Data excerpt =
══════════
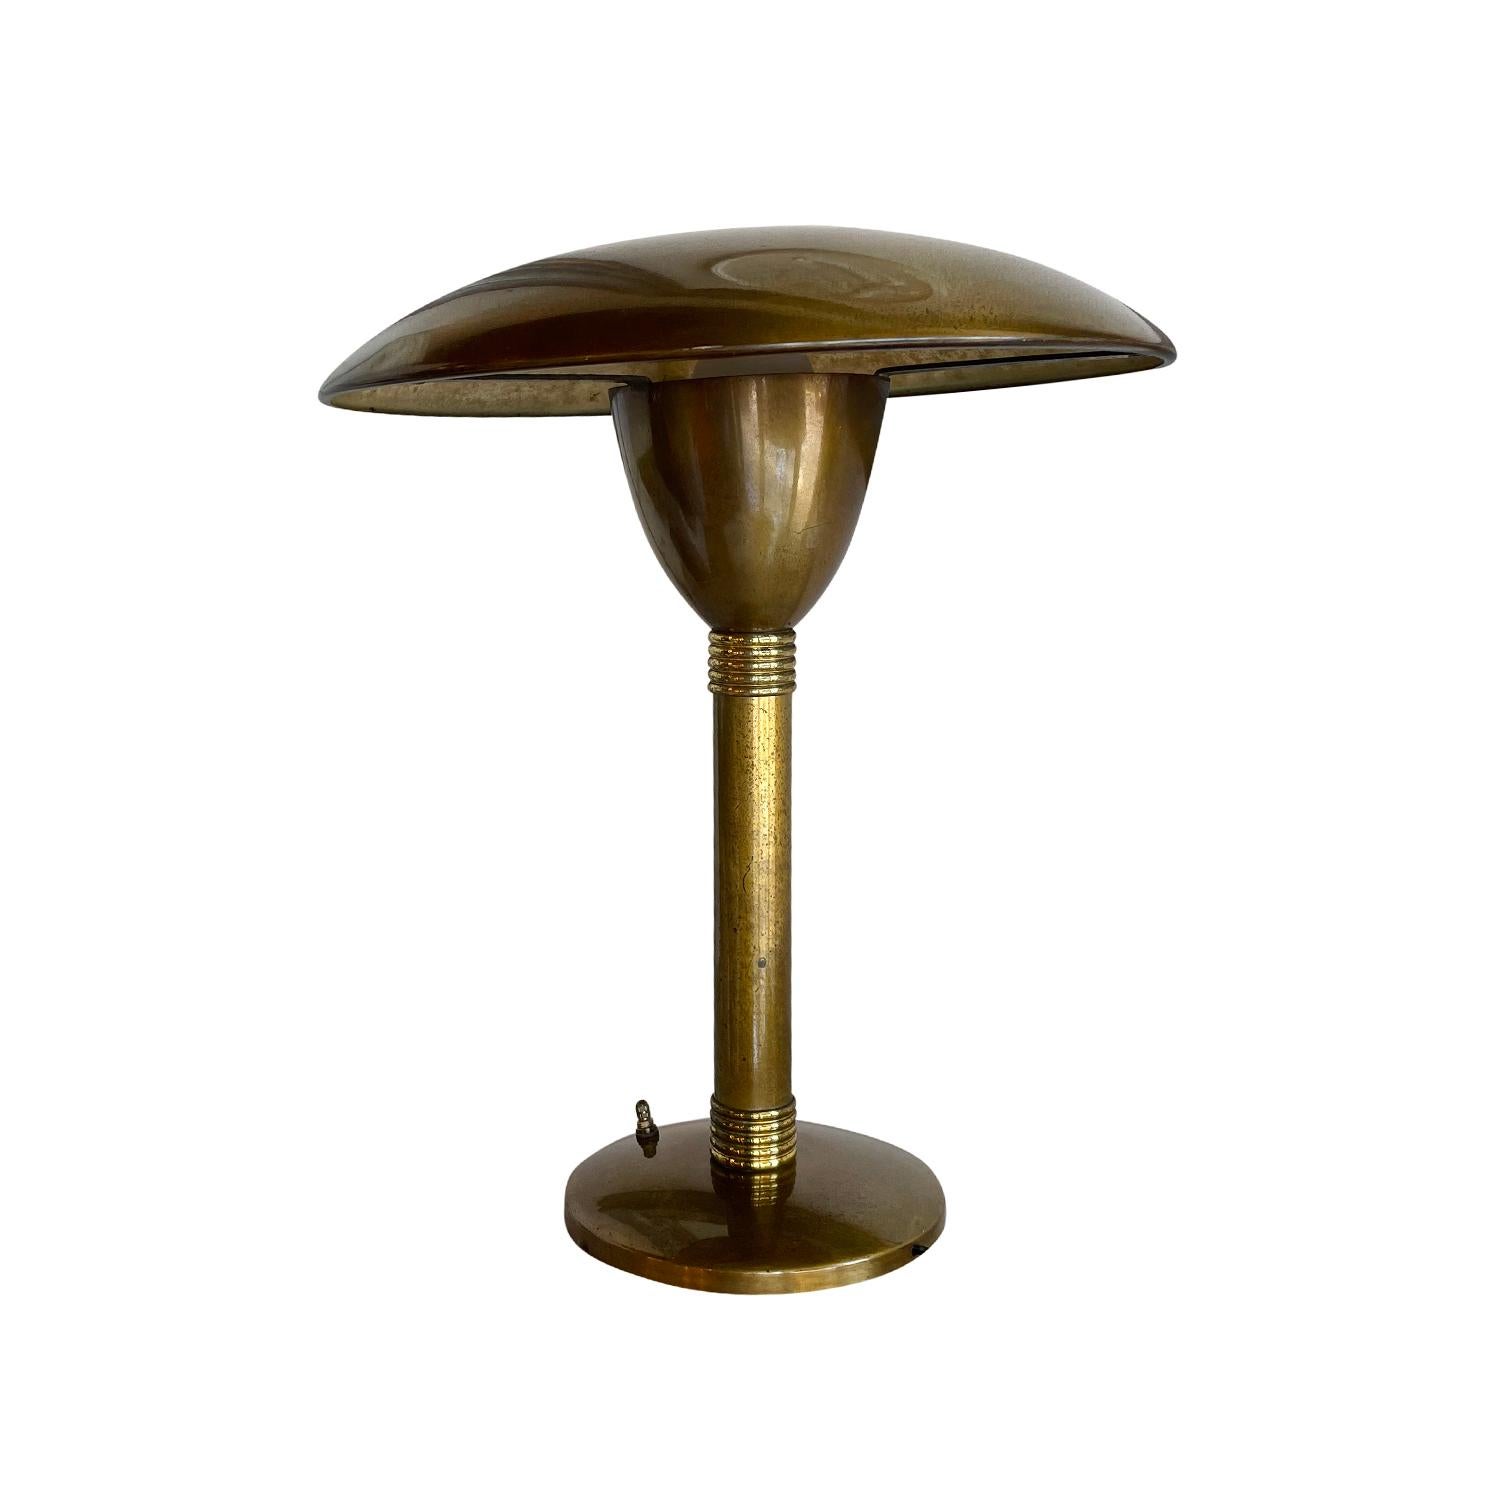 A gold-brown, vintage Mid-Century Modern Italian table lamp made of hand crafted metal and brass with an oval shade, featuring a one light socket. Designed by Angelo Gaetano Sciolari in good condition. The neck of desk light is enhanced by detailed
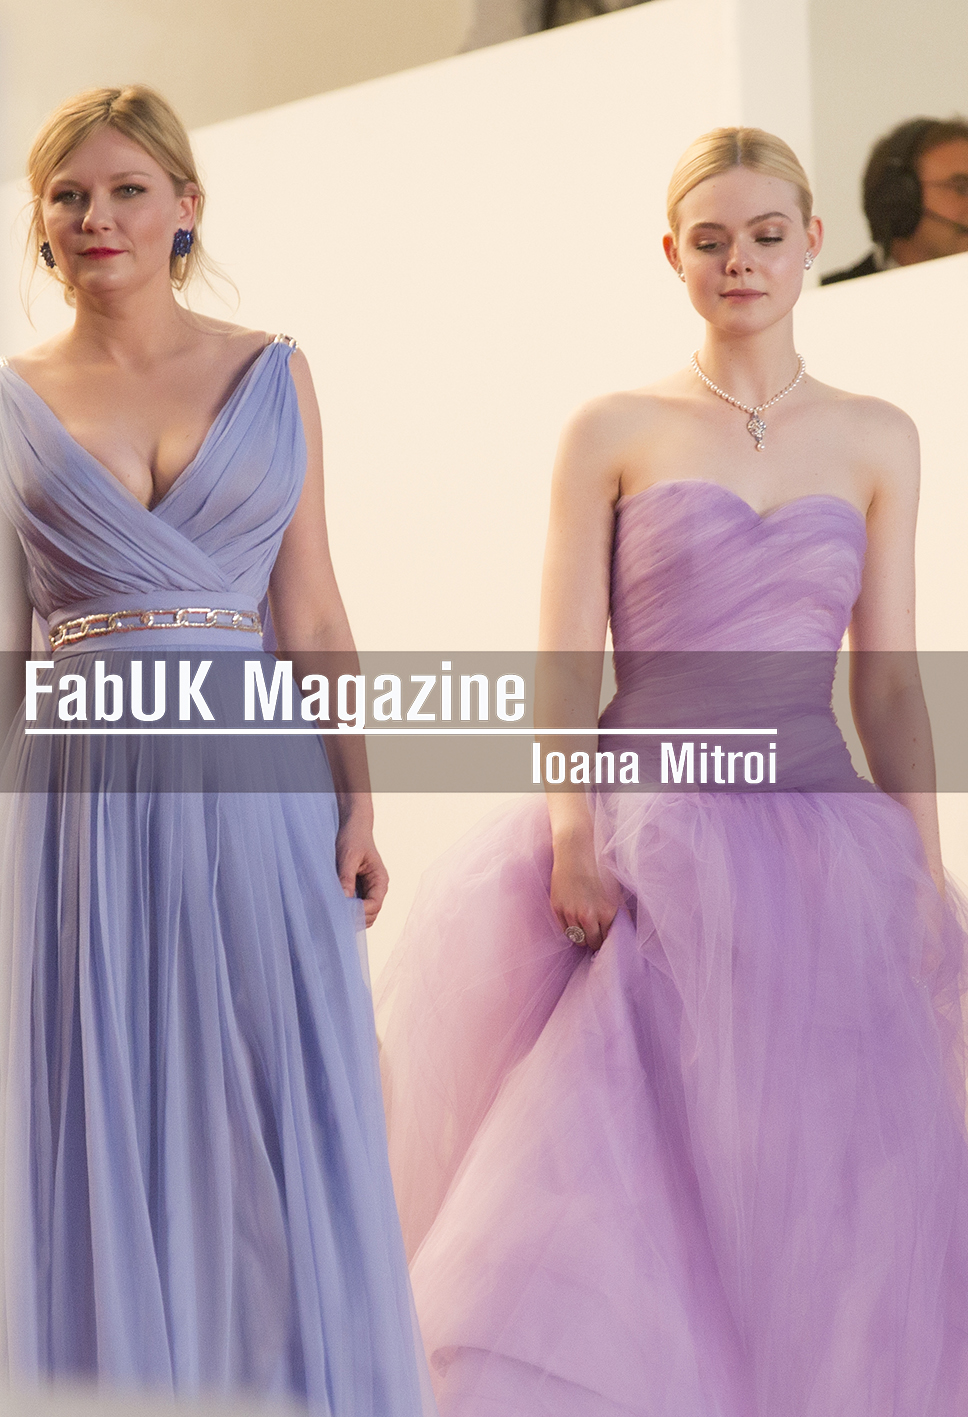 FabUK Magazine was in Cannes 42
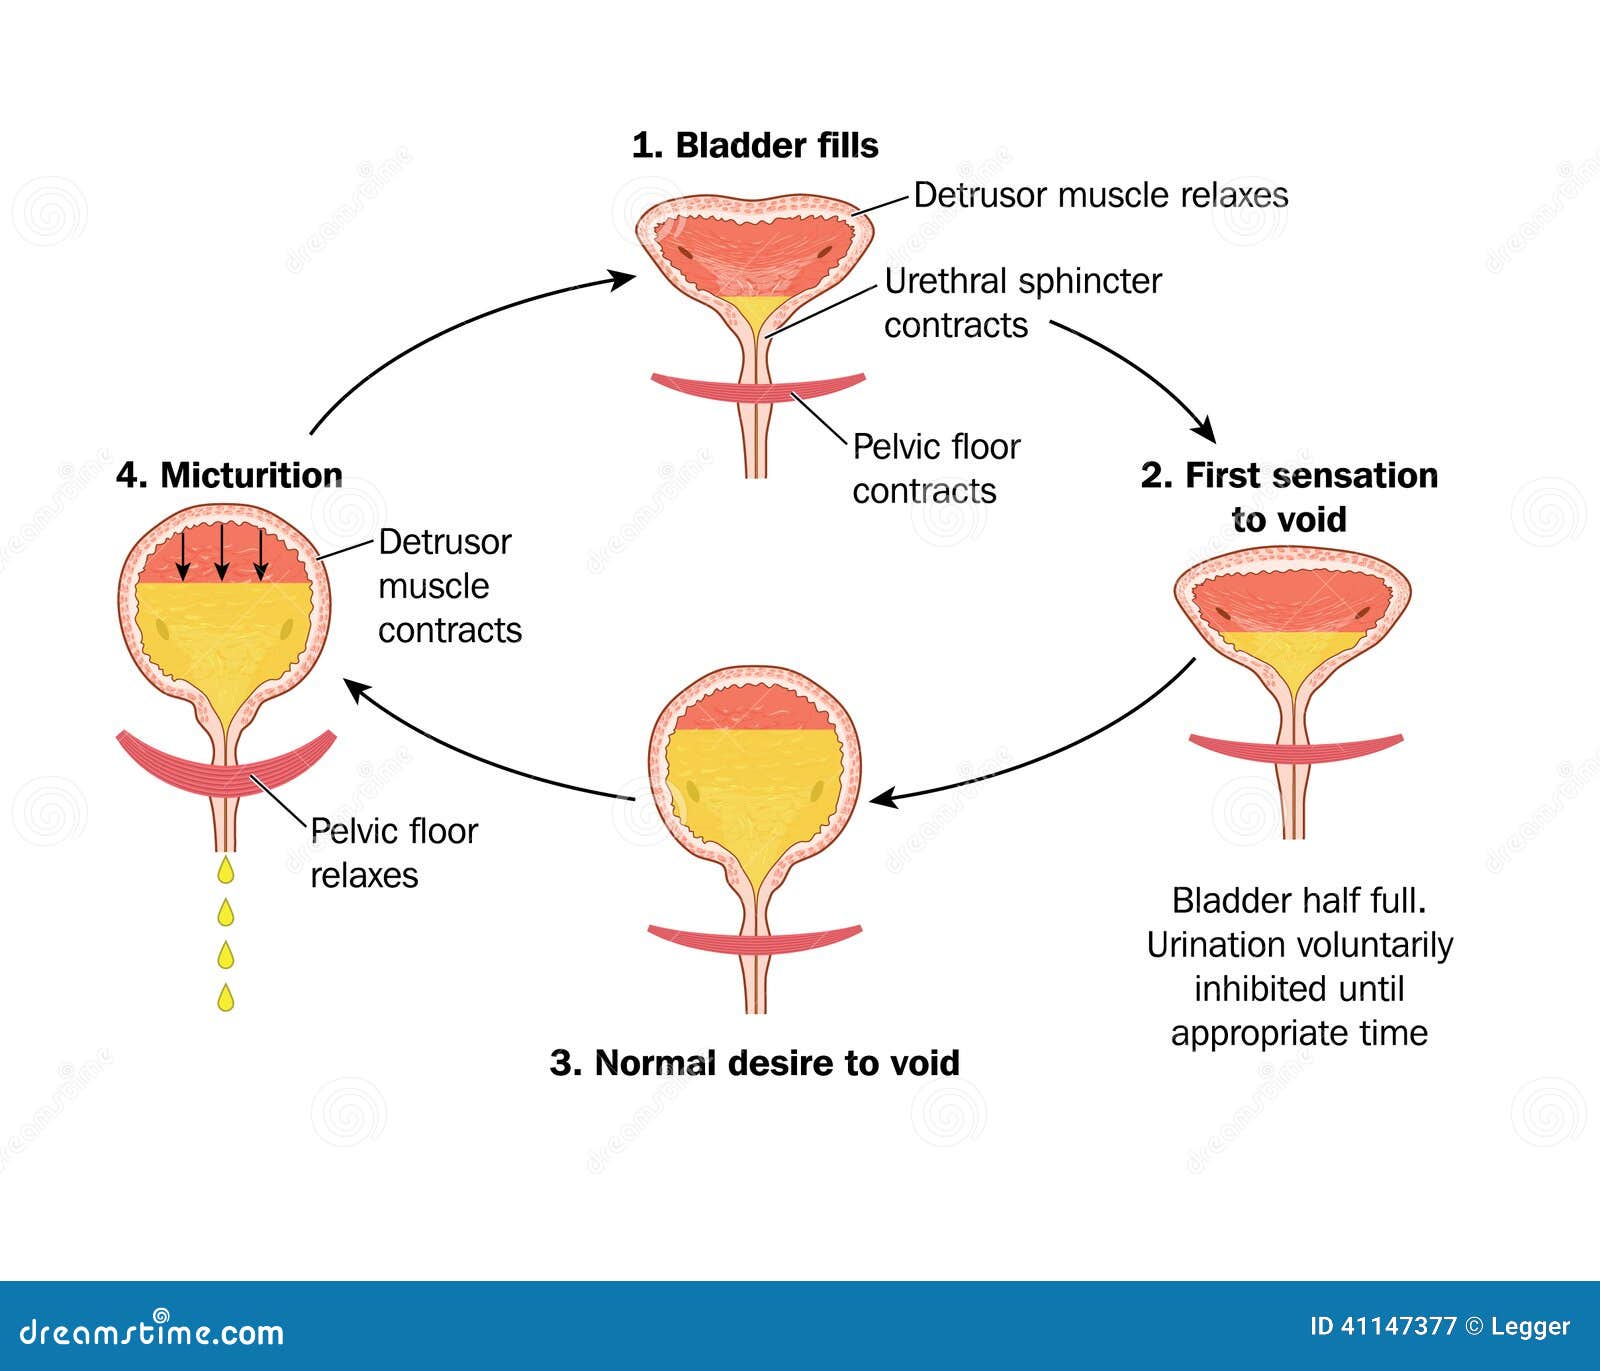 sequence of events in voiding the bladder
══════════
Aim of the exercise = Everything in the listing should be repeated exactly except the pictures.

Answer for the task =
 A gold-brown, vintage Mid-Century Modern Italian table lamp made of hand crafted metal and brass with an oval shade, featuring a one light socket. Designed by Angelo Gaetano Sciolari in good condition. The neck of desk light is enhanced by detailed
 FabUK Magazine was in Cannes 42
 sequence of events in voiding the bladder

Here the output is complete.